Force and Impulse physics problem

[Mandy89]

I attempted the qn .. but I'm not sure if this is the correct way of going about it..
the relevant equations used weren't given.

Homework Statement

Force and Impulse:

The magnitude of an unbalanced force on a 10 kg object increases at a constant rate from 0N to 50N in 4.0s, causing the initially stationary object to move.

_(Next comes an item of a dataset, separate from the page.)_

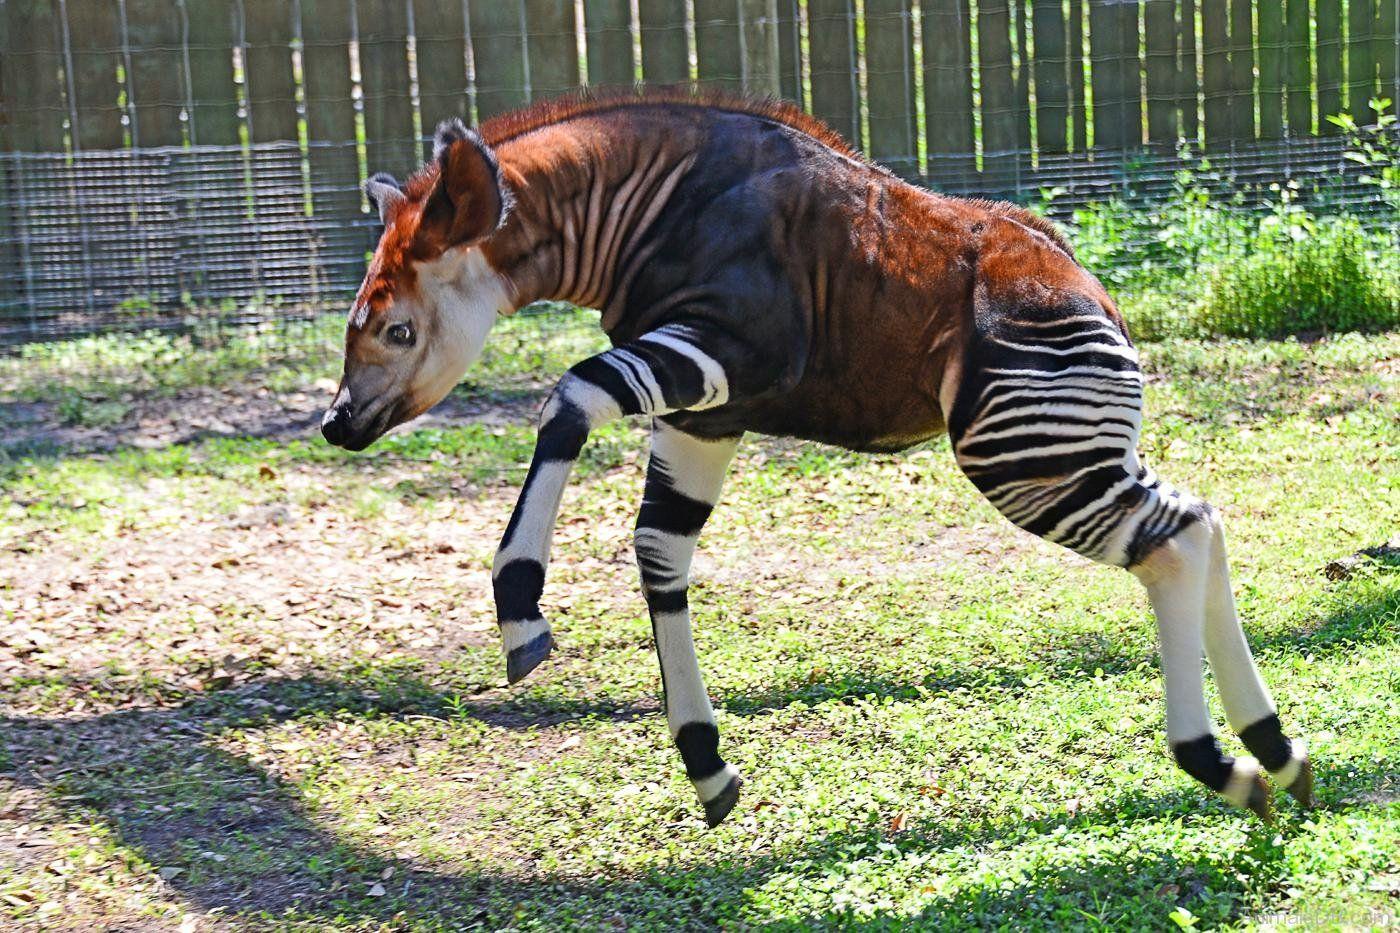 Okapi - Page 14 of 23 - OMG LANE | Creepy animals, Unusual animals, Scary  animals
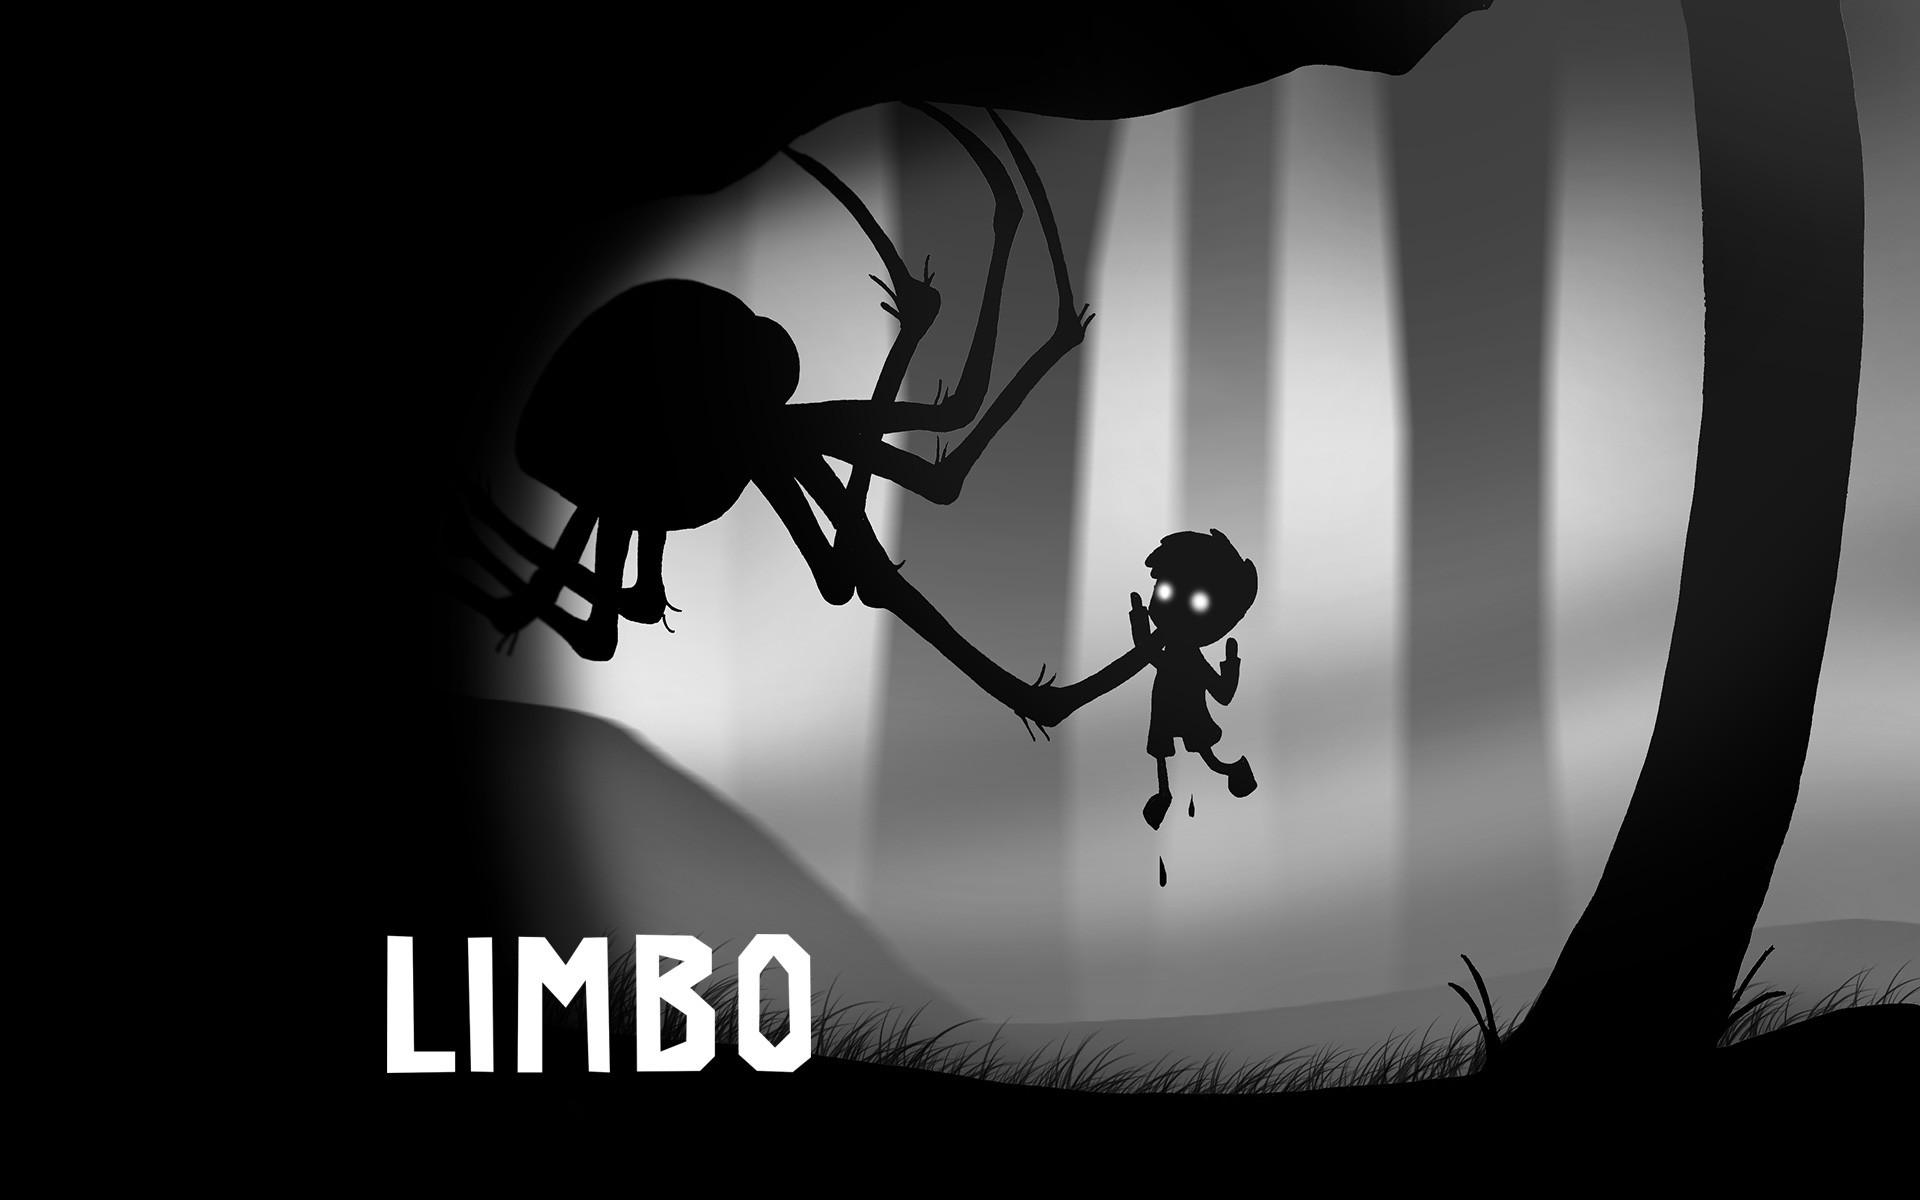 Limbo Wallpaper Hd 73 Images

What is the speed of the object at the end of the 4.0s?

Homework Equations

[not sure] ..
mv = Ft ??

The Attempt at a Solution

v = Ft / m = (50N)(4.0s) / (10kg) = 20m/s

Thanks for any help = ) very appreciated

- mandy : )

 

[physixguru]

This would involve integration...since the force is UNBALANCED.
Do you have any concept regarding it?

 

[Mandy89]

does it have something to do with

F = ma = m(dv/dt) ??

= S .. i honestly have no idea what to do with it

 

[physixguru]

yupp and intergral from the given displacement.
if you want the concept reply for it.

 

[Mandy89]

yes could i please have the concept ..
thanks for your help : )

 

[Tedjn]

The simple way to do this problem is to recognize that if the force increases by a constant rate, you can simply use the average of the initial and final forces as the average force applied for the entire time. In your example, the average force would be 25 N applied for 4 seconds, giving you an impulse of 100 kg m/s

You can see why you can use 25 N as the average force if you actually do out the integration. What you have is

$$F = ma = m\frac{dv}{dt} \implies F dt = m dv \implies \int_{t_a}^{t_b} F dt = \int_{v_a}^{v_b} m dv = mv_b$$

because $v_a = 0$.

Now, what is the force F? Remember that it increases at a constant rate from 0 to 50 N in 4 seconds. Since it increases at a constant rate, F must be linear.

 

[physixguru]

The simple way to do this problem is to recognize that if the force increases by a constant rate, you can simply use the average of the initial and final forces as the average force applied for the entire time. In your example, the average force would be 25 N applied for 4 seconds, giving you an impulse of 100 kg m/s

You can see why you can use 25 N as the average force if you actually do out the integration. What you have is

$$F = ma = m\frac{dv}{dt} \implies F dt = m dv \implies \int_{t_a}^{t_b} F dt = \int_{v_a}^{v_b} m dv = mv_b$$

because $v_a = 0$.

Now, what is the force F? Remember that it increases at a constant rate from 0 to 50 N in 4 seconds. Since it increases at a constant rate, F must be linear.

first of all let him have a concept of integration and differentiation.